Ön seçimle belirlenen sıralamanın üçüncü sırasına seçilme başarısı gösteren bir bayan adayı bir alt sıraya kaydırarak onun yerine Genel Merkeze yakın bir ismi koymuştur.
Üyesinin oyları ile yaptığı seçimi hiçe sayan Genel Merkezin böyle bir ayıba imza atmasının asıl sorumlusu CHP Samsun İl Yönetimi’dir.
Kendi tabanının dahi güvenini kazanamayan bir il yönetiminin, iktidar olmayı hedefleyen ana muhalefet partisi gibi bir partiyi yönetmesi beklenemez.
Aslında büyük bir yenilgi yaşanan yerel seçimler sonrası bu yönetim istifa etmeli veya görevden alınarak seçimle yeni bir yönetim belirlenmeliydi.
İl ve İlçe yönetimlerin yerel veya genel seçimler de sıkça yaşanan bu yetersizliklerin en büyük nedeni, il ve ilçe başkanlıklarına gelenlerin tek hedeflerinin milletvekili veya belediye başkanı olma öncelikleridir.
İl ve İlçe başkanlarının yapılan seçimler öncesi istifa ederek bir yere aday olması sonucu CHP il yönetimleri büyük bir boşluğa düşmekte ve seçimlerde gerekli irade gösterilememektedir.
Yıllardır bu konunun geçtiği her parti toplantısında altını çizdiğim ve parti tüzüğünün yenilenmesi öncesi de tüzüğe konması için Genel Merkeze de sunduğum önerimden bir kez daha söz etmek istiyorum.
- İl ve ilçe yönetimlerinin istifa veya görevden alınması sonucu, atama yapmaktan vazgeçilmeli ve mutlaka yeni yönetimler yapılacak seçimlerle belirlenmelidir. Bu seçimlerde bundan önce olduğu gibi hiçbir milletvekili veya genel merkez taraf olmamalı ve partiyi temsil gücü olanların seçilmesine ortam sağlanmalıdır.
- İl ve İlçe Başkanlığına talip olacakların, yapılacak ilk genel veya yerel seçimlerde aday olamayacakları yönünde bir madde parti tüzüğüne mutlaka konmalıdır.
Aksi halde, birilerinin icazeti ile göreve getirilecek il ve ilçe yönetimlerinin bırakın seçmenlerin, kendi üyelerinin dahi güvenini sağlaması mümkün değildir.
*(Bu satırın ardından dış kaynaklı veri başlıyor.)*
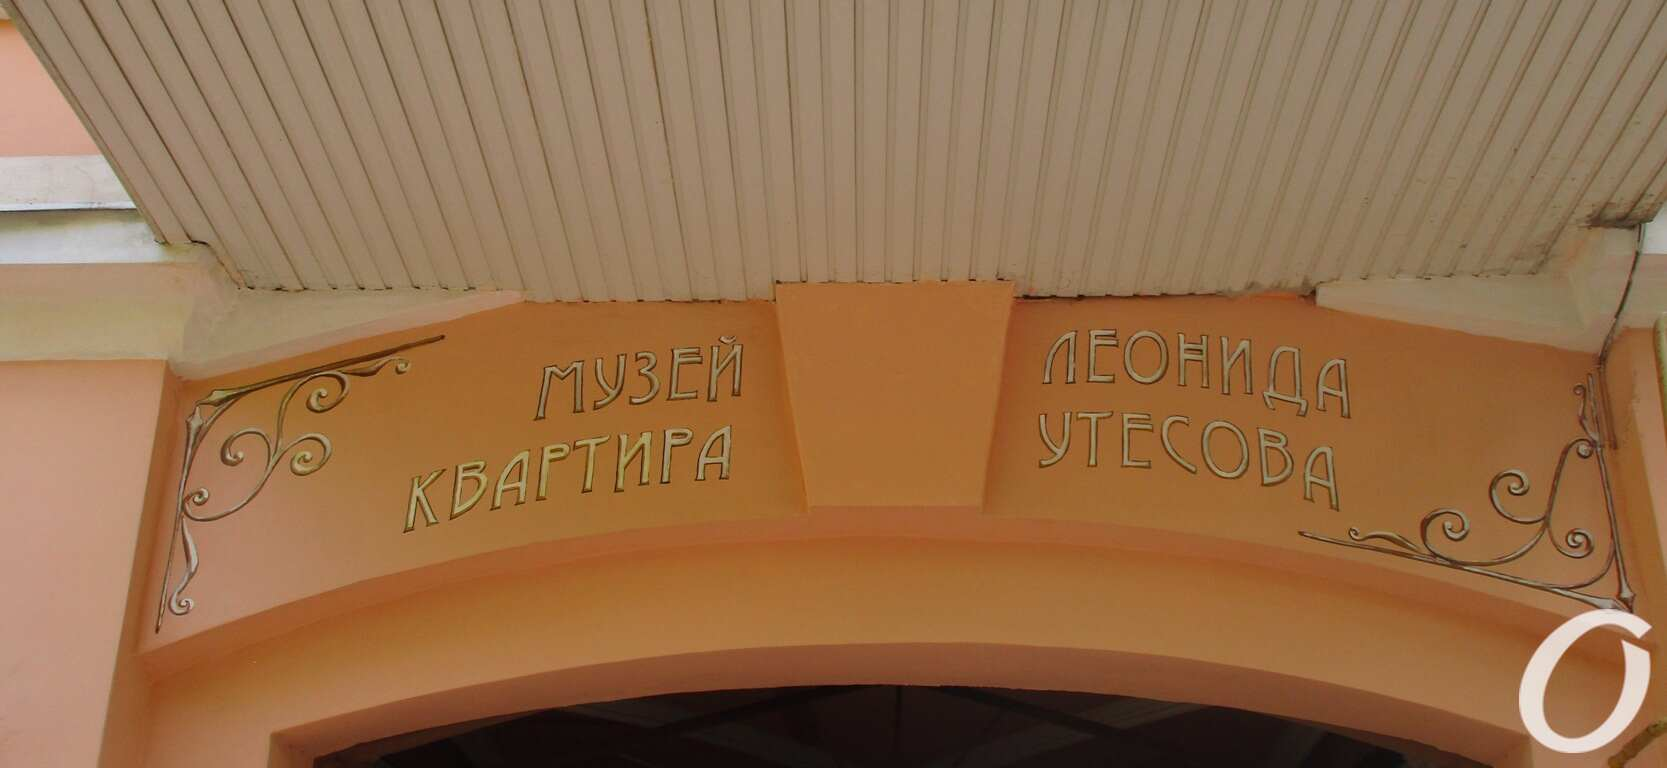 ворота во двор Утесова

CHP’ nin başarılı olması isteniyorsa, artık bu gerçek görülmeli ve partiye dinamizm de kandıracak olan bu seçim yöntemi kuralı konulmalıdır.
Sonuç olarak söylemek gerekirse, CHP Samsun İl Yönetimi sınıfta kalmış ve güvenirliğini yitirmiştir. İlçelere eşit mesafede olarak onları çalıştıramayan il yönetiminin başarı şansı olamaz.
Türkiye için hayati önem taşıyan 1 Kasım Seçimlerinde Samsun adına yeni bir başarısızlığa imza atılırsa, bunun sorumluluğundan hiç kimse kurtulamaz.
Demokrasi ve özgürlüklerin savunucusu sosyal demokrat bir partide yaşanan bu olumsuzluklar CHP’ne yakışmamaktadır.
Umarım 1 Kasım da yapılacak Genel Seçimlerde, Samsun olarak büyük bir başarı kazanılır da, ben yanılırım. İyi haftalar.